Combined with the creation of MLS Next Pro, which finally gives MLS a formal reserve league, the job of chief soccer officers for MLS teams, regardless of formal job title, has greatly expanded even as the league has become more tactically sophisticated on the pitch, putting additional demands on coaches.

A key question for Berhalter – and the team – was where and how he would be able to delegate. The recent appointments combined with the previously-announced hires now give the Fire a significantly expanded front office. While the exact roles and responsibilities of executive positions are often difficult to discern, even for close observers, the bulked-up sporting department means Berhalter is surrounded by lieutenants of his own choosing, though, of course, having the staff available to take on the job and actually delegating the work are two different things entirely.
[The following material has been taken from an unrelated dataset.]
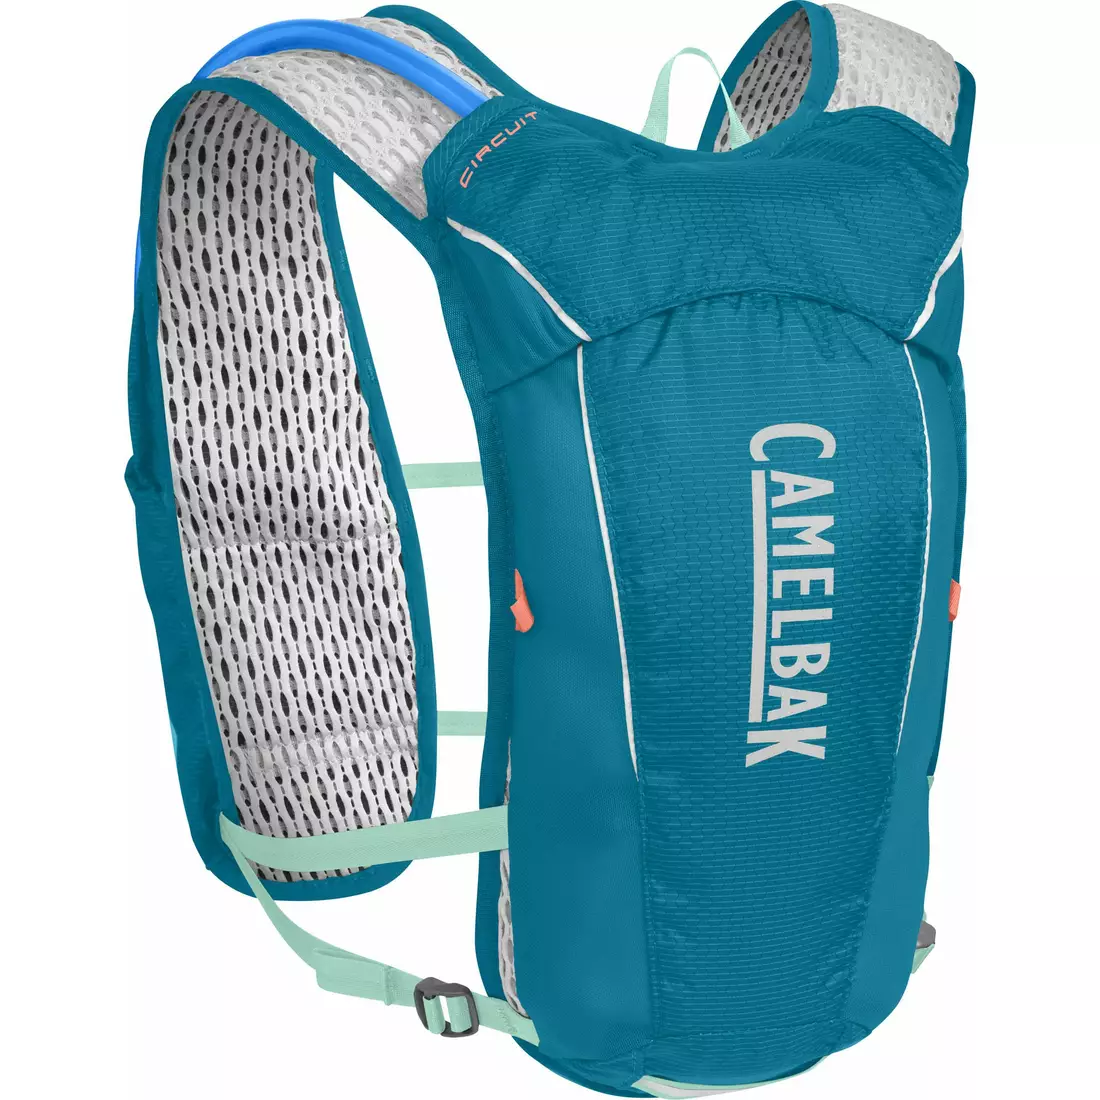 Camelbak SS18 běžecký batoh s vodním vakem Circuit Vest 50oz /1,5L Teal/Ice Green 1138403000
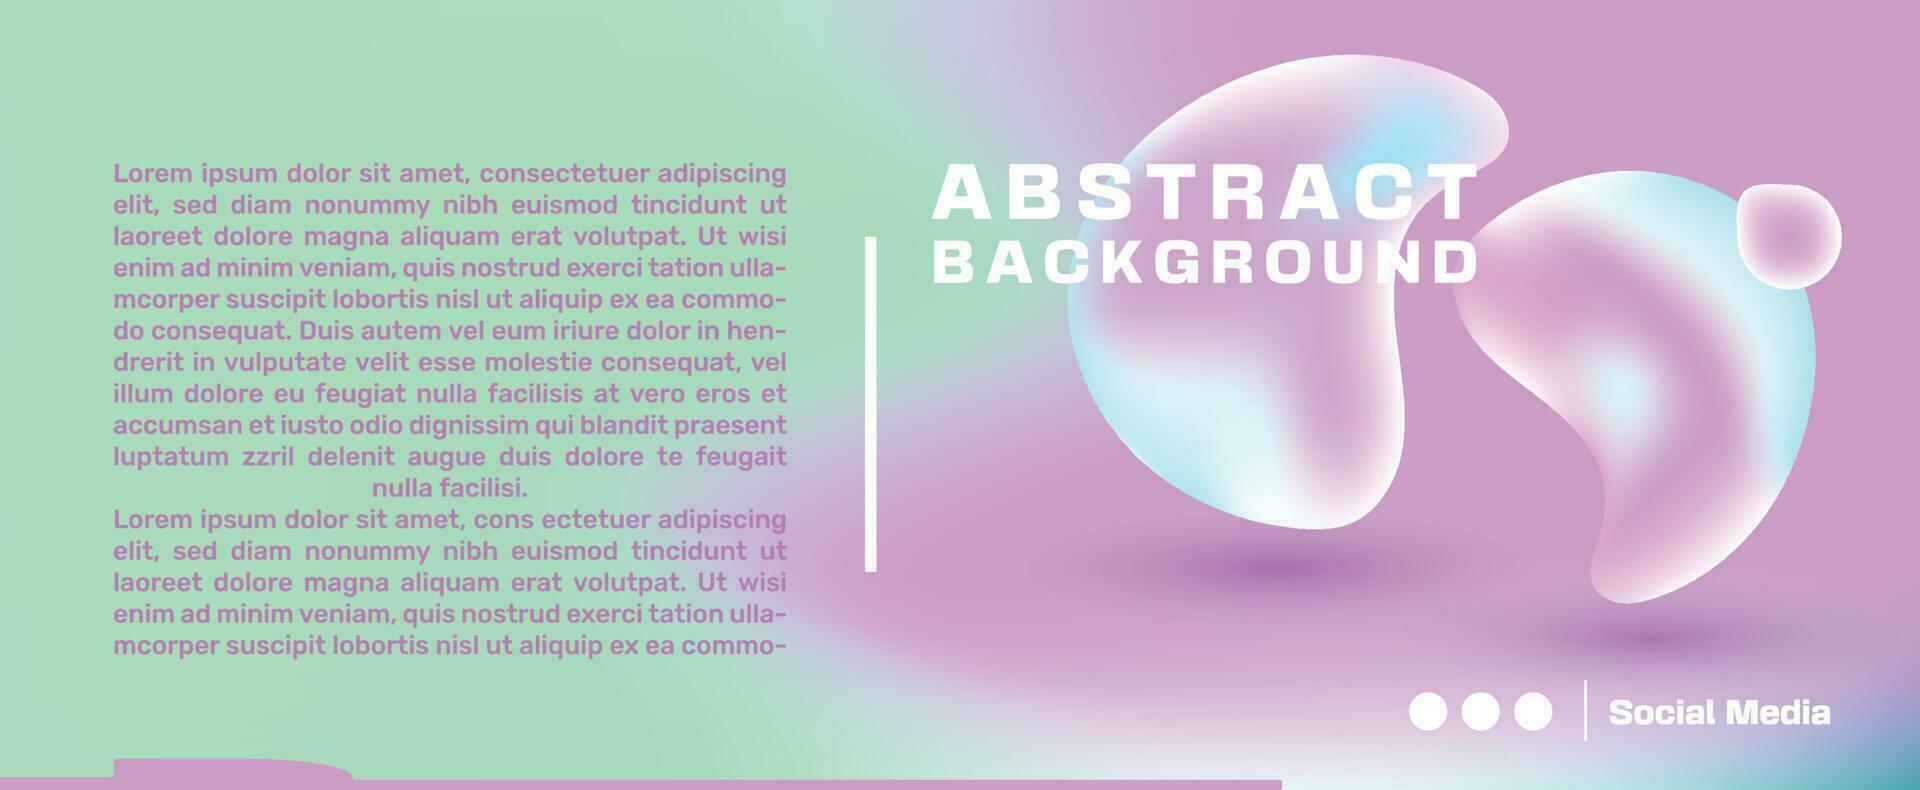 abstrakt trendig maska bakgrund rosa och grön med abstrakt former bäst för medicinsk, social media affisch användare gränssnitt av hemsida vektor

Whether or not more front office hires are on their way, the three moves announced today largely flesh out the team’s front office. That seems to fulfill Berhatler’s promise of filling out the front office staff “quickly,” as he stated in October, giving the team a largely full sporting staff after the fifth anniversary of the appointment of Georg Heitz in 2019. One of the themes of that offseason was how little time Heitz had to bring in new players before the start of the season, with Rodriguez having done an effective job of clearing out roster space for his successor.

Compared to Heitz, Berhalter has the benefit of experience with the league, significantly more time between his appointment and the start of the season and now, a much larger staff around him than his predecessor. That should make Fire fans hopeful that the team can avoid repeating some of the mistakes of that offseason, when the team rushed to fill all three vacant Designated Player spots. Heitz was largely off-target with those signings, eventually resorting to sending Ignacio Aliseda to sister club FC Lugano in Switzerland, allowing Robert Berić to depart after a disappointing sophomore season with the Fire, and struggling to move on from the long-term deals offered to Gastón Giménez, who remains under contract through 2025.

Berhalter and his staff have their work cut out for them: The team remains in a constricted salary cap position, even as Berhalter has said that he intends to bring a number of starters to the squad this year, and Berhalter has yet to fill out his coaching staff with just 61 days left until the Fire’s first regular season game on February 22nd.